How I envy you! Store up the moments and memories that you have with him, just like you are storing your preps. I was 37 years old, and I was the only Grandkid still spending the weekend at my Mamaw's house. My daughter and I would go and help her with anything she needed, we canned beans, tomatoes and salsa. Those wonderful days in the kitchen, with coffee while we talked at the table, help me get through the lonely times. I would do it all over in a hearbeat, I learned a lot, and was loved even more. You are very lucky, and it's obvious how much you appreciate him!! Bless You.


----------



## unregistered29228 (Jan 9, 2008)

Trixter, that was a great story....you're so lucky to have your grandfather still able to garden and tinker around.


----------



## nandmsmom (Mar 3, 2006)

I spent the day in the basement with my 3 yo DD. We put 250 lbs of beans, 175lbs of wheat and 40 lbs of rice in mylar bags with o2 absorbers. I still have lots more to go, but ran out of energy and space.


----------



## shellycoley (Mar 6, 2003)

We got the shelves up in the extra bedroom closet for the "storage pantry". It's easier to get to than climbing the step ladder to the high cabinets in the kitchen.
I've been picking up the same things every week as part of the grocery shopping. Always buy 4 cans of collards, 2 boxes of tea bags, hot tea bags and canned milk. 
Still picking up mason jars too. The garden is comming along nice, already had new potatos the other day...yum. Still working on knocking out cc debt and if that stupid rebate check would ever get here, we could get the fence put up.
Found a free 10x10x4 dog kennel for a chicken tractor and right now have chicks living in an aquarium in the living room. 
Shelly


----------



## MisFitFarm (Dec 31, 2007)

shellycoley said:


> Found a free 10x10x4 dog kennel for a chicken tractor and right now have chicks living in an aquarium in the living room.
> Shelly


You know you're a homesteader when you have chicks (or any farm animal) in the house! Great find on that dog kennel Shelly!

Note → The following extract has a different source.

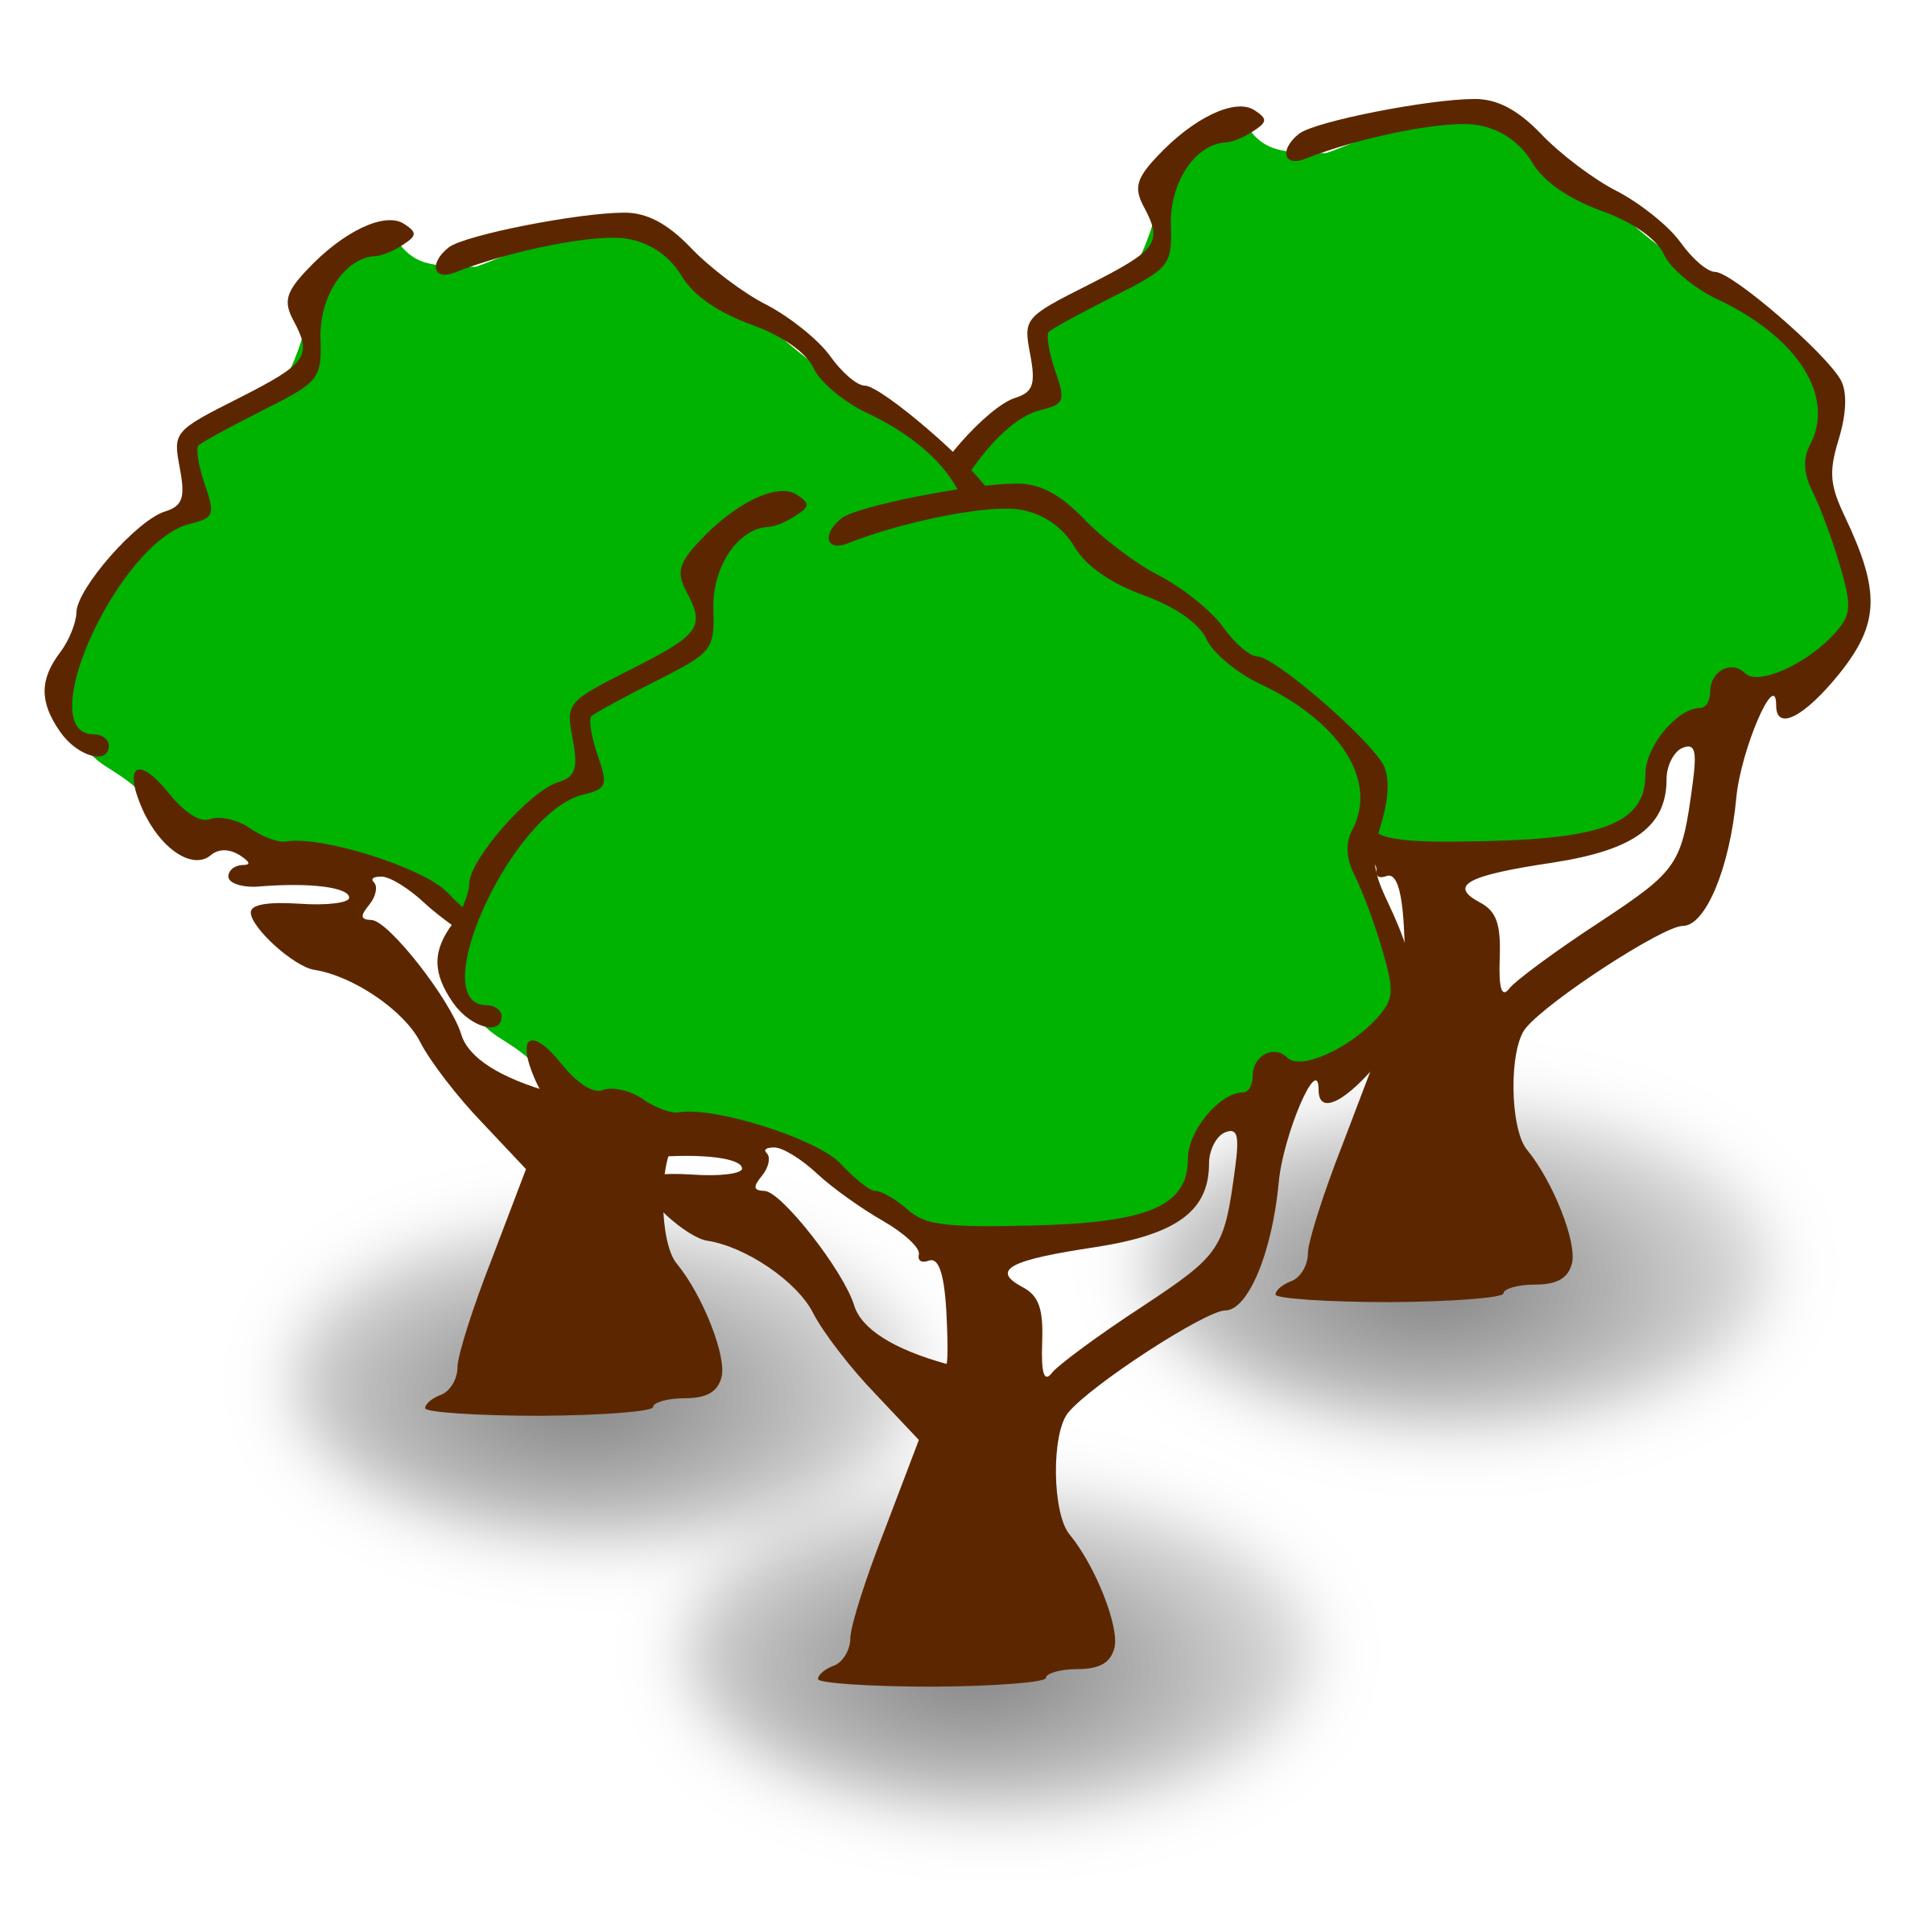 Bush clipart forest. Free clipartmansion com heafy

I'm jealous of all you homesteaders that have helpers. I could really use an extra pair of hands!


----------



## Shinsan (Jul 11, 2006)

Rickd203, if you decide that soy milk is a good backup or alternative to regular milk, you might want to look at a soy-milk maker. Making your own will dramatically reduce the cost. (See http://www.soymilkquick.com/ & http://www.soymilkmaker.com/soyapower.html )


----------



## shellrow (Feb 8, 2007)

I have been stocking up for a bit but we go through alot (3 teenage boys and a full course meal man)! Last week I bought several items in bulk at the grocery store. They include:

sugar (2) 25lb. bags (some lady got snarky with me and said "thats alot of sugar"... I refrained from comment
flour-all purpose (1) 25 lb. bag
flour-Self rising (1) 10 lb bag
mustard huge commercial size (don't remember the oz) (1)
keptchup ditto
pancake syrup ditto
cocoa for baking ditto
pinto beans (1) 5lb bag
rice (uncle bens) (2) 5lb bags
tea bags (4) boxes
yeast packets (3) packages (the 3 attached serving bags together)
brown sugar (2) 2lb bags
eggs (1) 5 1/2 dozen box


----------



## AR Transplant (Mar 20, 2004)

shellrow, you might look into buying bulk yeast. It is so much cheaper than the little packets. Even if you have to throw ( or better yet give) some of it away you will still save money.

I get it at sams in a two pound container and at an Amish store if I am near one of those.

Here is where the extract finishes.